L2TP (Layer Two Tunneling Protocol)
An IETF standard that combines aspects of Microsoft's Point-to-Point Tunneling protocol and Cisco's Layer Two Forwarding (L2F) protocol.

Network address translation
A feature of most firewalls that prevents internal IP addresses from appearing to users outside the network. Usually it shows only a single IP address to outside users.

Packet filter
A firewall or router that allows or forbids packets to enter or exit a network based on IP address and origin or destination port.

PEM (Privacy Enhanced Mail)
A standard, predating S/MIME, for encrypting e-mail and authenticating senders.

PGP (Pretty Good Privacy)
A set of programs for exchanging encrypted and authenticated e-mail messages designed for a variety of platforms.

PPP (Point-to-Point Protocol)
A protocol for transmitting IP packets over serial (asynchronous or synchronous) lines.

Private key
In asymmetric encryption, the key that a user keeps secret. It can encrypt or decrypt data for a single transaction but cannot do both.

Public key
In asymmetric encryption, the key that a user allows the world to know. It can encrypt or decrypt data for a single transaction but cannot do both.

RADIUS (Remote Authentication Dial-In User
Service)
A standard for authenticating the identity of remote dial-in users (see TACACS+).

RSA (Rivest-Sharmir-Adelman)
A popular encryption and authentication standard that uses asymmetric keys.

Secret key encryption
A method in which a single key known only to the participants encrypts and decrypts data.

SET (Secure Electronic Transactions)
A standard sponsored by Visa and MasterCard that provides secure communications across the Internet among the card provider, the card holder, the card holder's financial institution, and merchants' financial institutions.

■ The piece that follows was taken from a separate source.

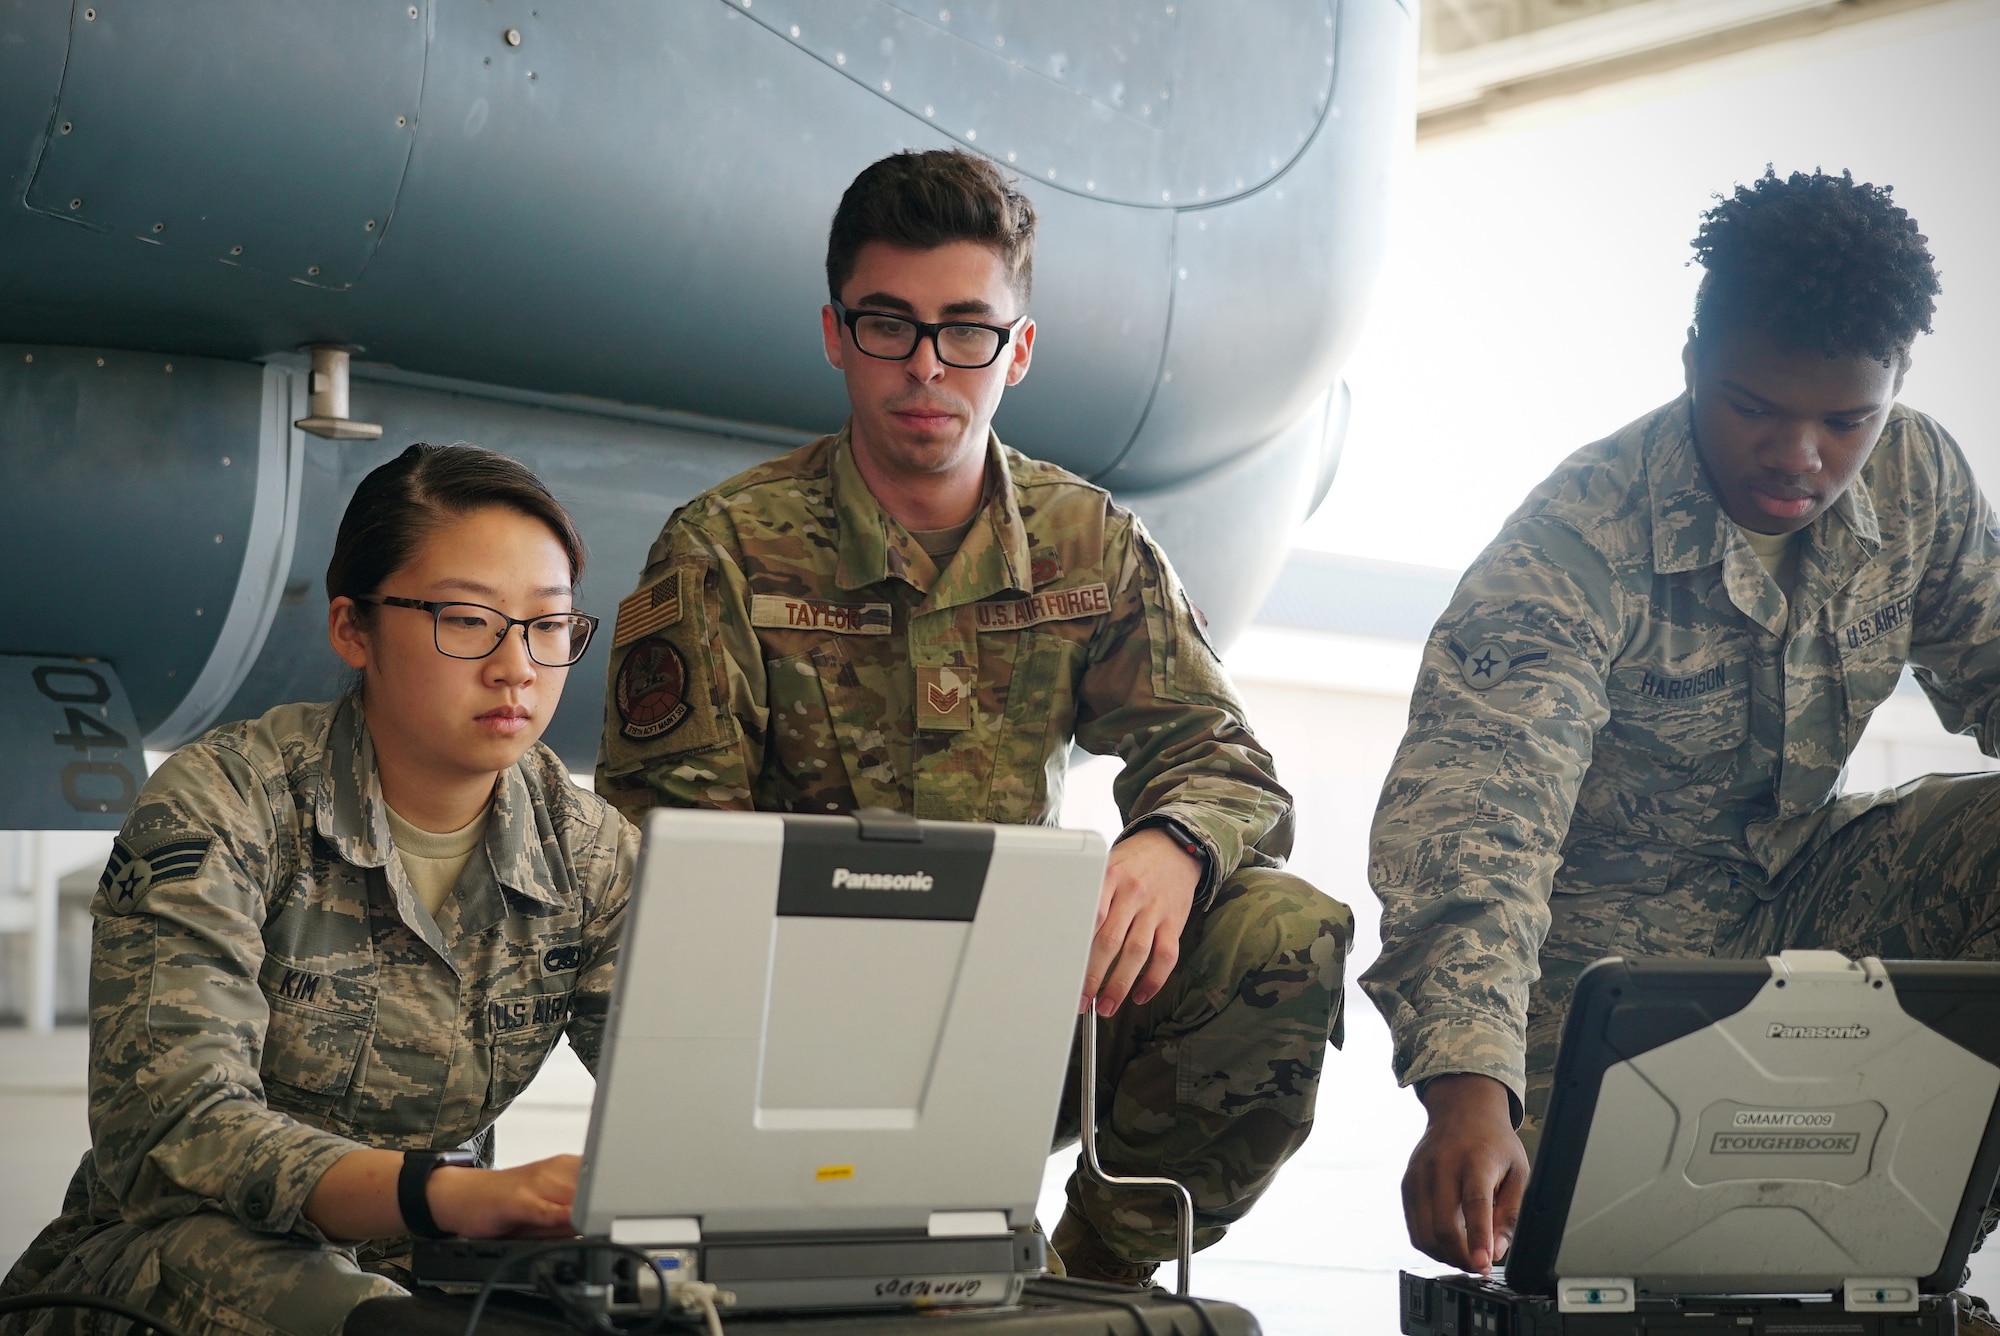 Three uniformed military members kneel down shoulder-to-shoulder in front of portable computers they have placed on the ground.

S-HTTP (Secure HyperText Transfer Protocol)
An extension to HTTP that uses encryption and digital signatures to provide security in each transaction.

Smart card
A credit-card-size authentication device containing a microprocessor and data, which is read by a smart-card reader and sent across the network.

S/MIME (Secure Multipurpose Internet Mail Extension)
A standard for encrypting e-mail and authenticating users' identities based on RSA encryption.

SSL
(Secure Sockets Layer)
A transport-layer technology developed by Netscape that allows secure transactions among compliant browsers and servers--usually Web servers.

Stateful inspection
A method in which a firewall intercepts a packet at the network layer and then inspects the entire packet to determine whether to let it through.

Symmetric encryption
A method involving a single secret key for both encryption and decryption.

TACACS+ (Terminal Access Controller Access Control System Plus)
A Cisco standard for authenticating transmissions between servers and databases.

TCP (Transmission Control Protocol)
A connection-oriented transport protocol that guarantees data delivery over a network; one of the fundamental protocols of TCP/IP.

Token
A credit-card-size authentication device that a remote user carries. It usually displays numbers that change over time and synchronize with an authentication server on the network; alternatively, it may use a challenge/response scheme with the server.

UDP (User Datagram Protocol)
A connectionless transport protocol that does not guarantee delivery of data.

Virtual private network
An encrypted connection between private networks over a public network.

X.509
A standard for digital certificates developed by the International Telecommunications Union (ITU).